The data:
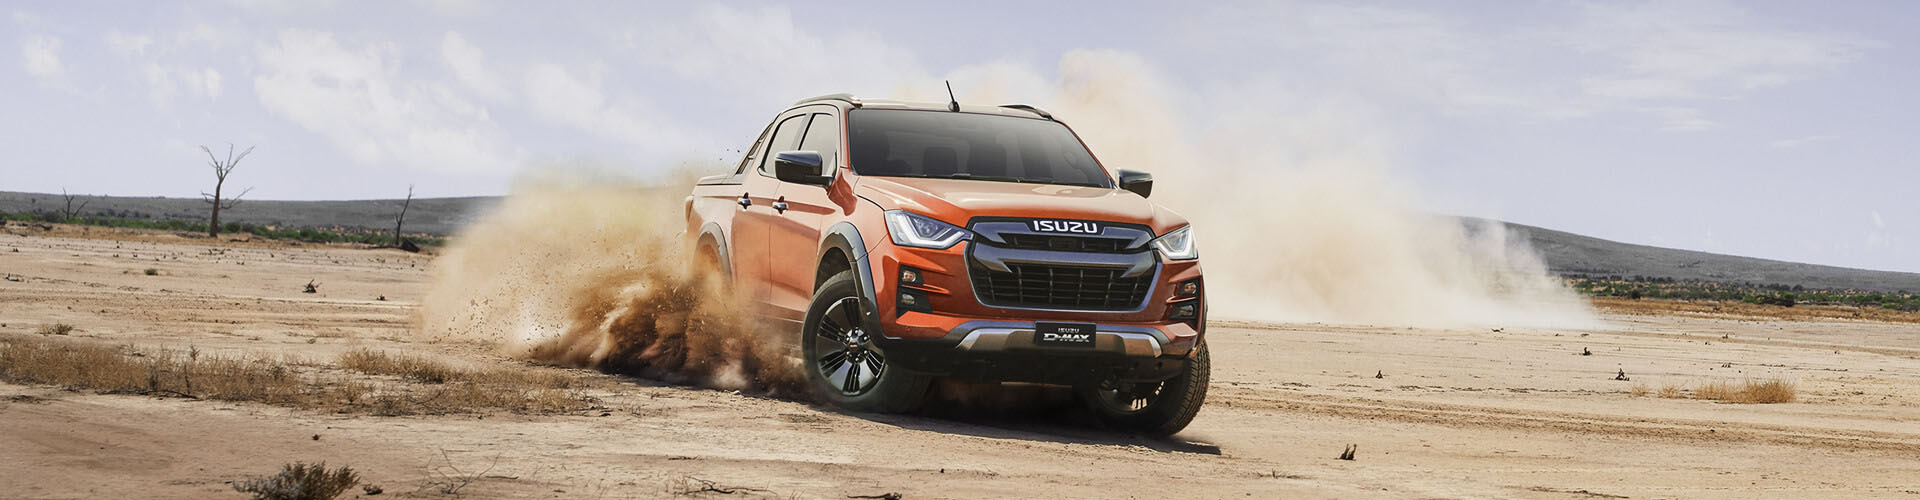 Jarvis Isuzu UTE | Used Car Upgrade Warranty
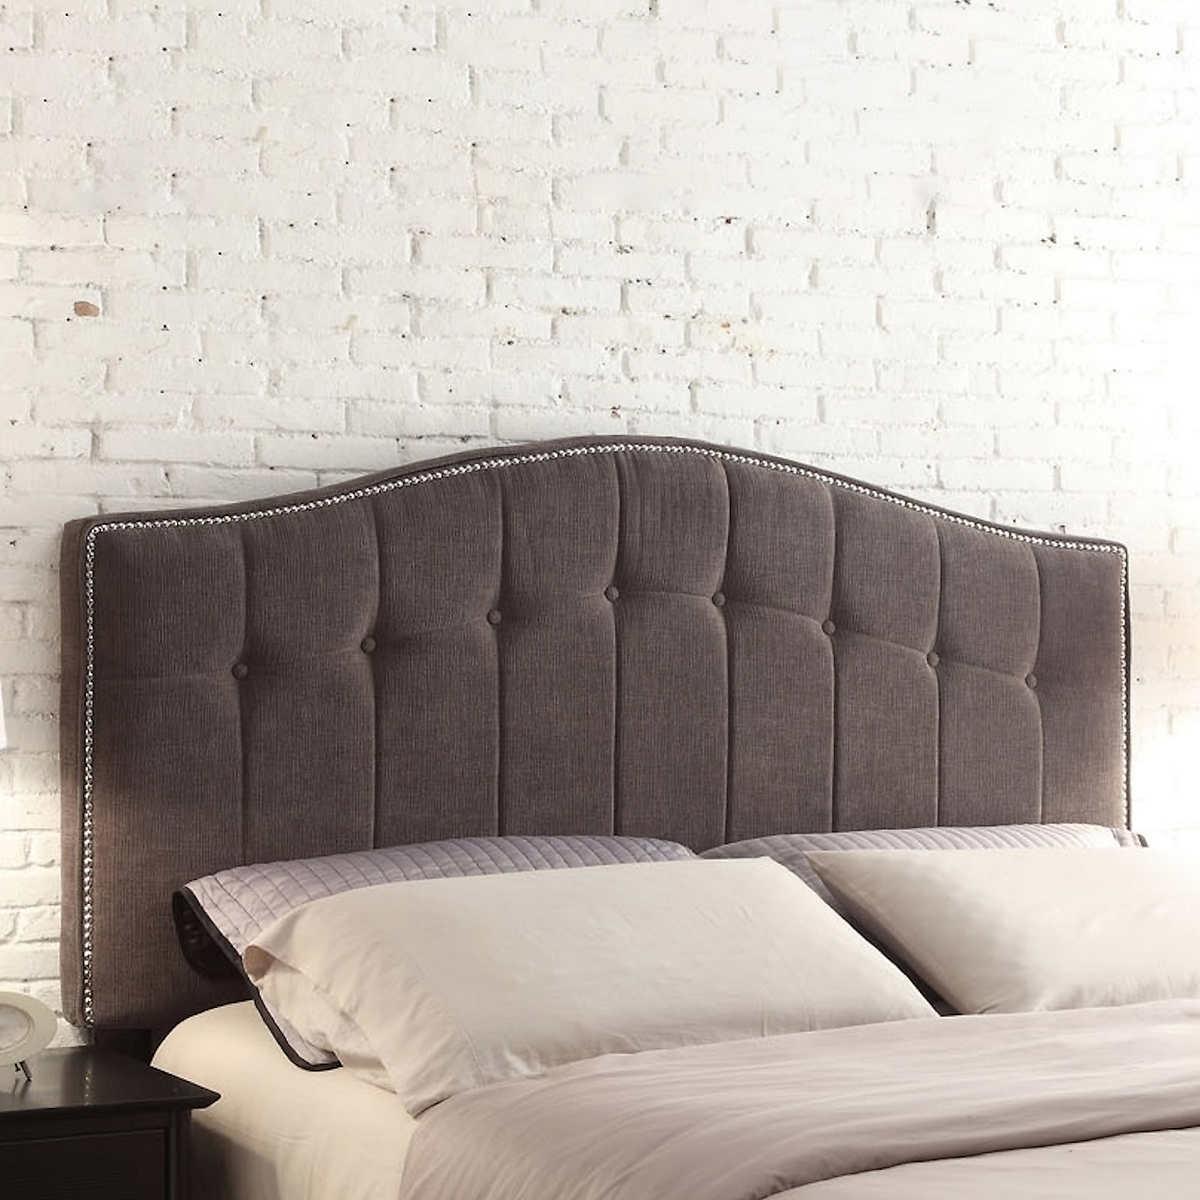 headboards  bed frames  costco, Headboard designs
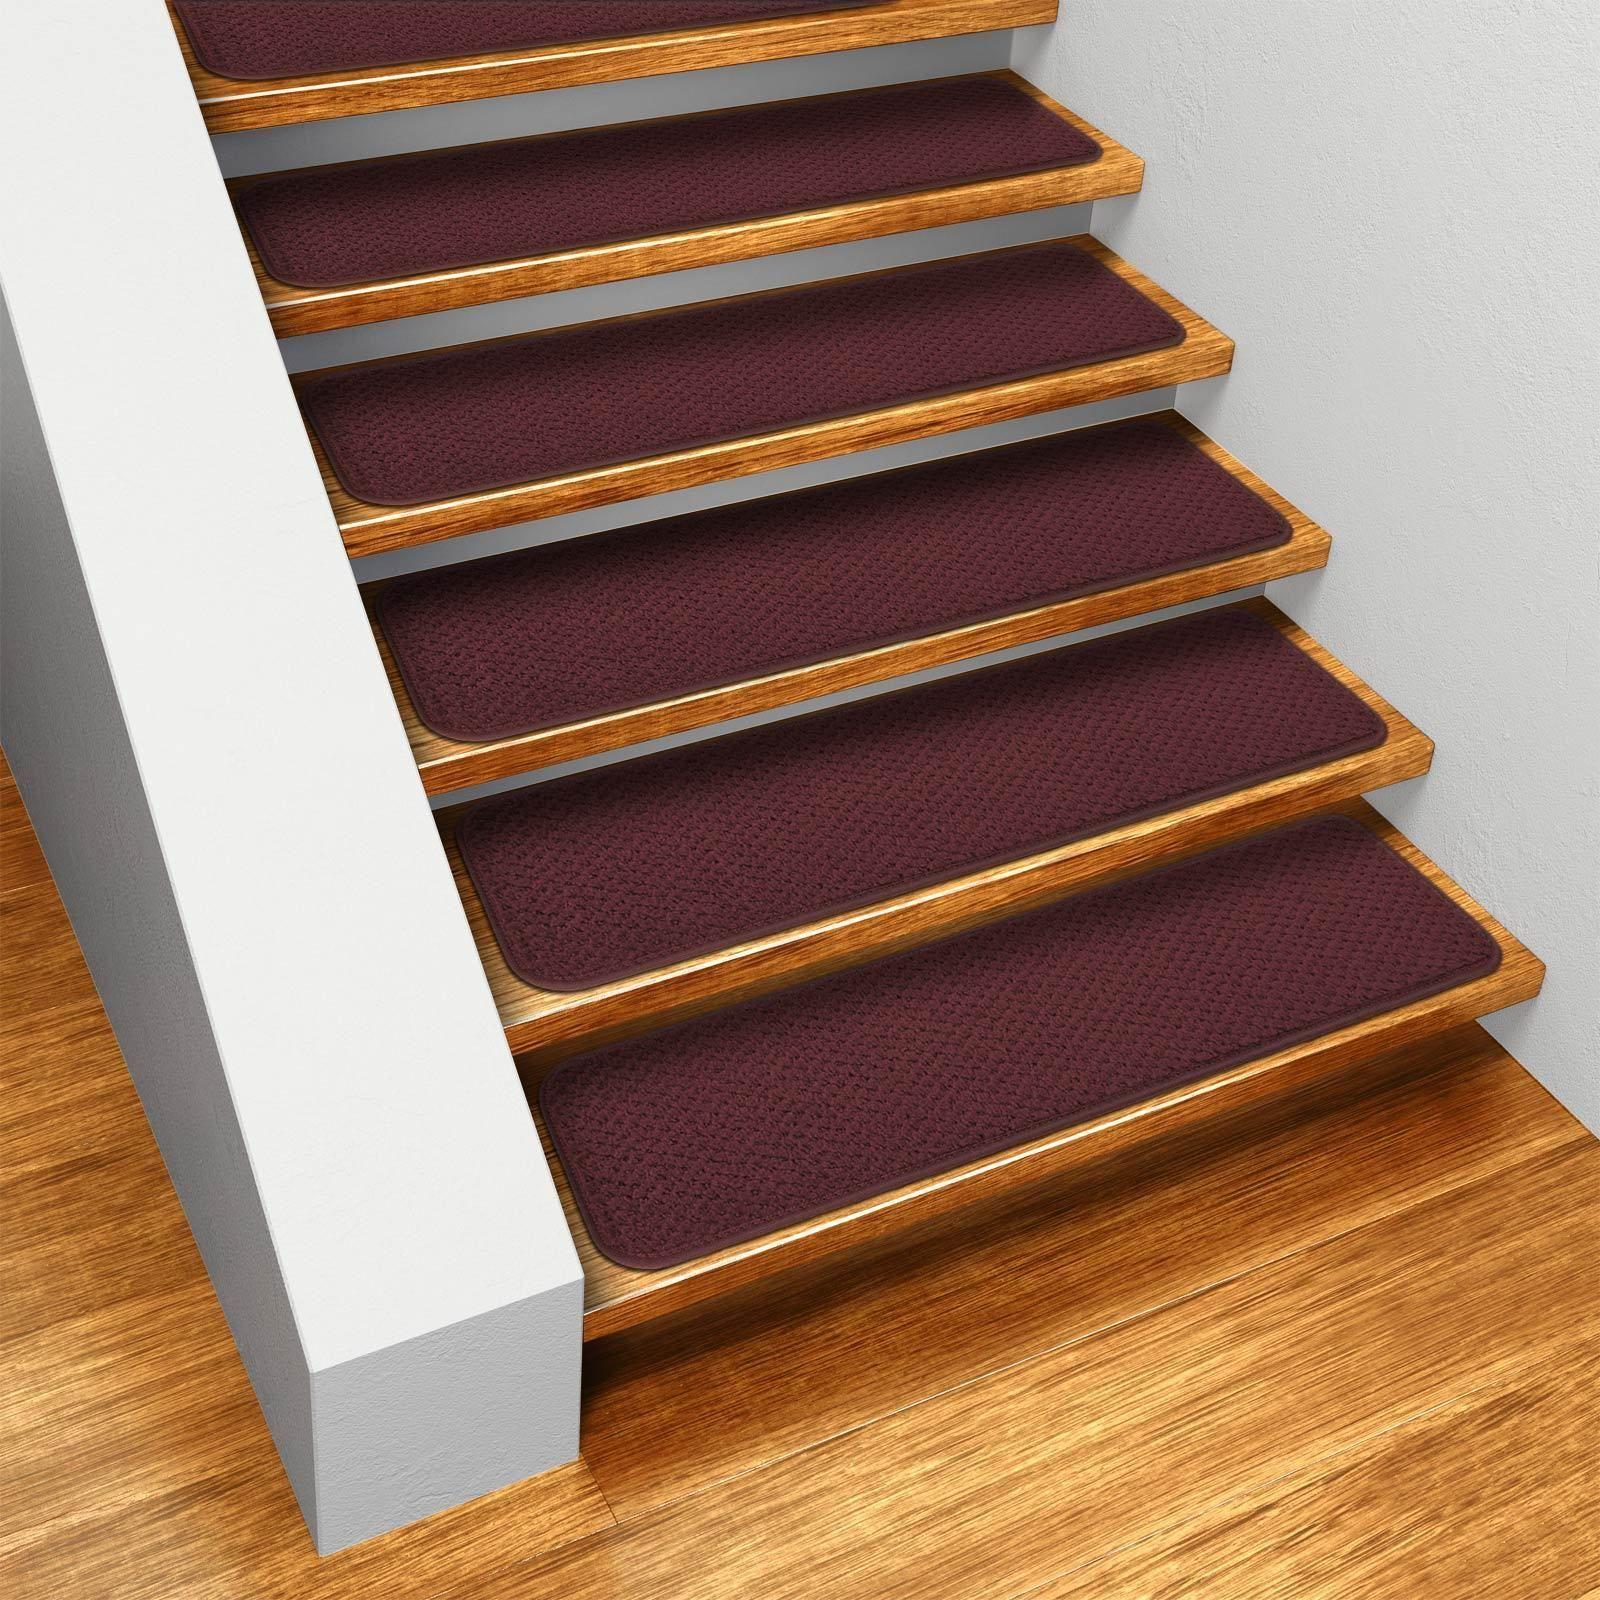 Best Set Of 12 Skid Resistant Carpet Stair Treads Burgundy Red 400 x 300
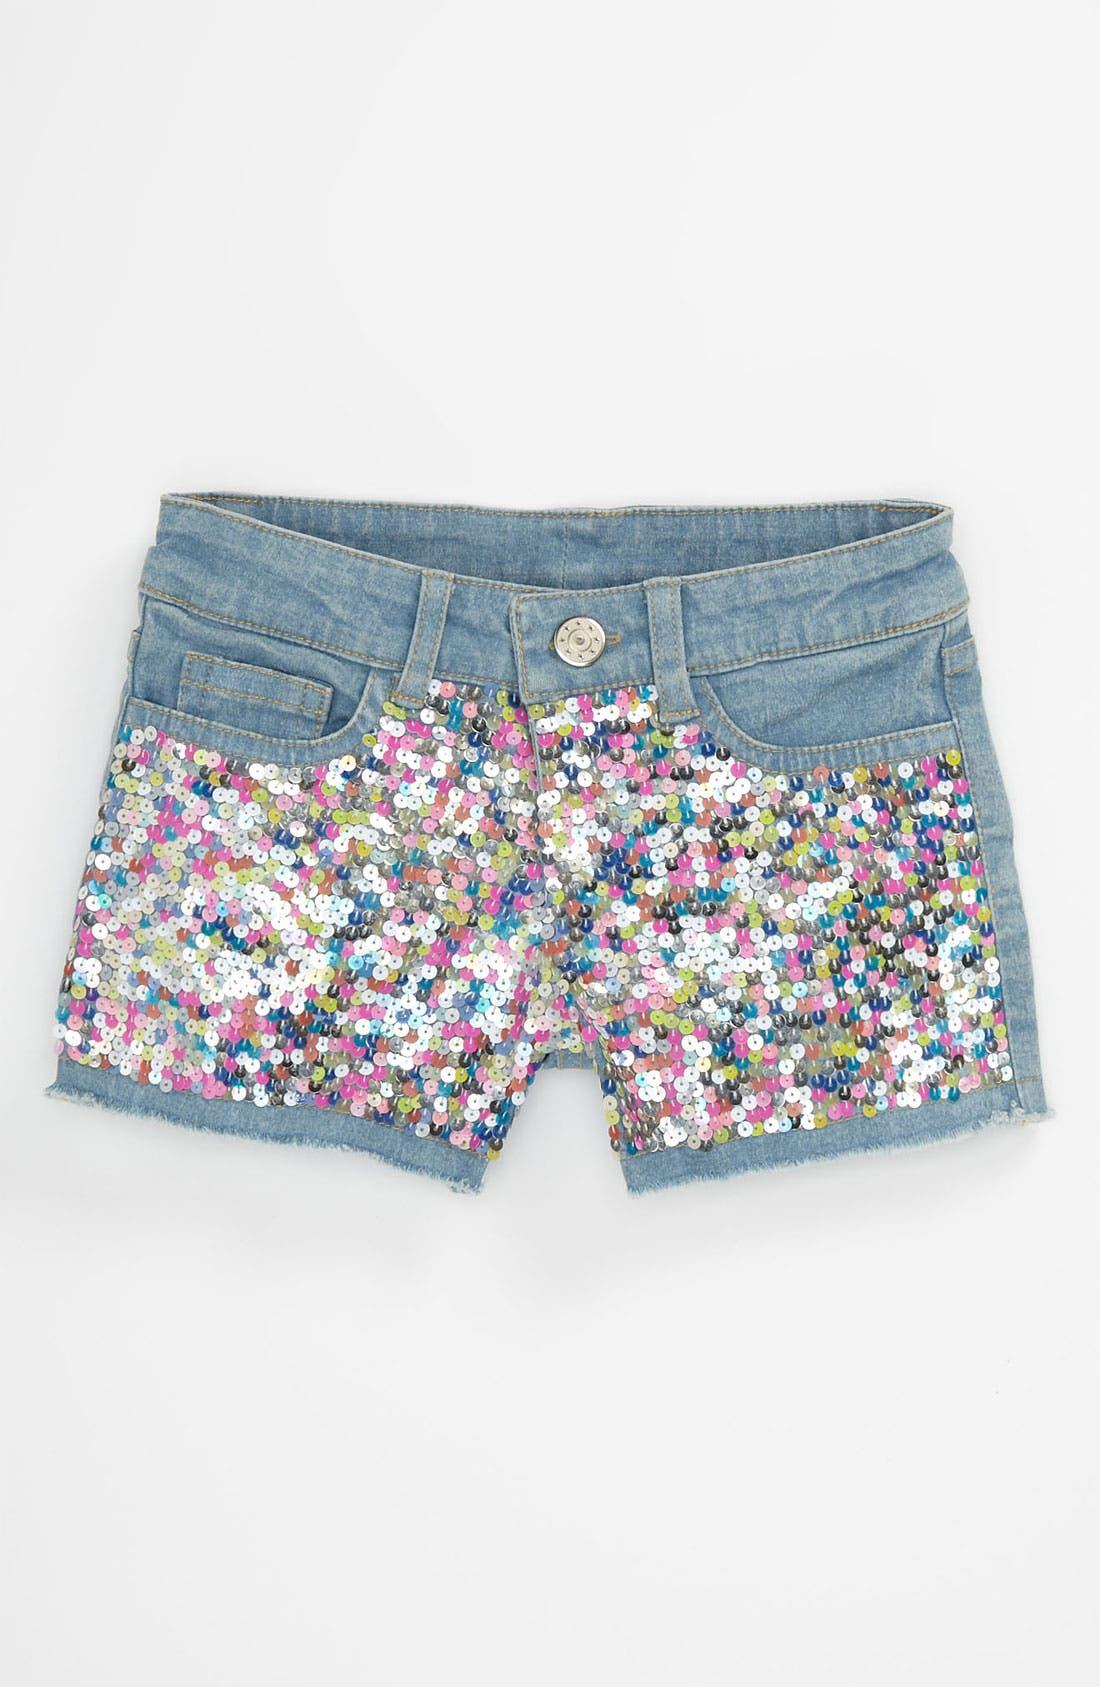 Alternate Image 1 Selected - Flowers by Zoe Sequin Denim Shorts (Big Girls)

Problem to solve: Give the data again word for word, without images.

Task response:
 Jarvis Isuzu UTE | Used Car Upgrade Warranty
 headboards  bed frames  costco, Headboard designs
 Best Set Of 12 Skid Resistant Carpet Stair Treads Burgundy Red 400 x 300
 Alternate Image 1 Selected - Flowers by Zoe Sequin Denim Shorts (Big Girls)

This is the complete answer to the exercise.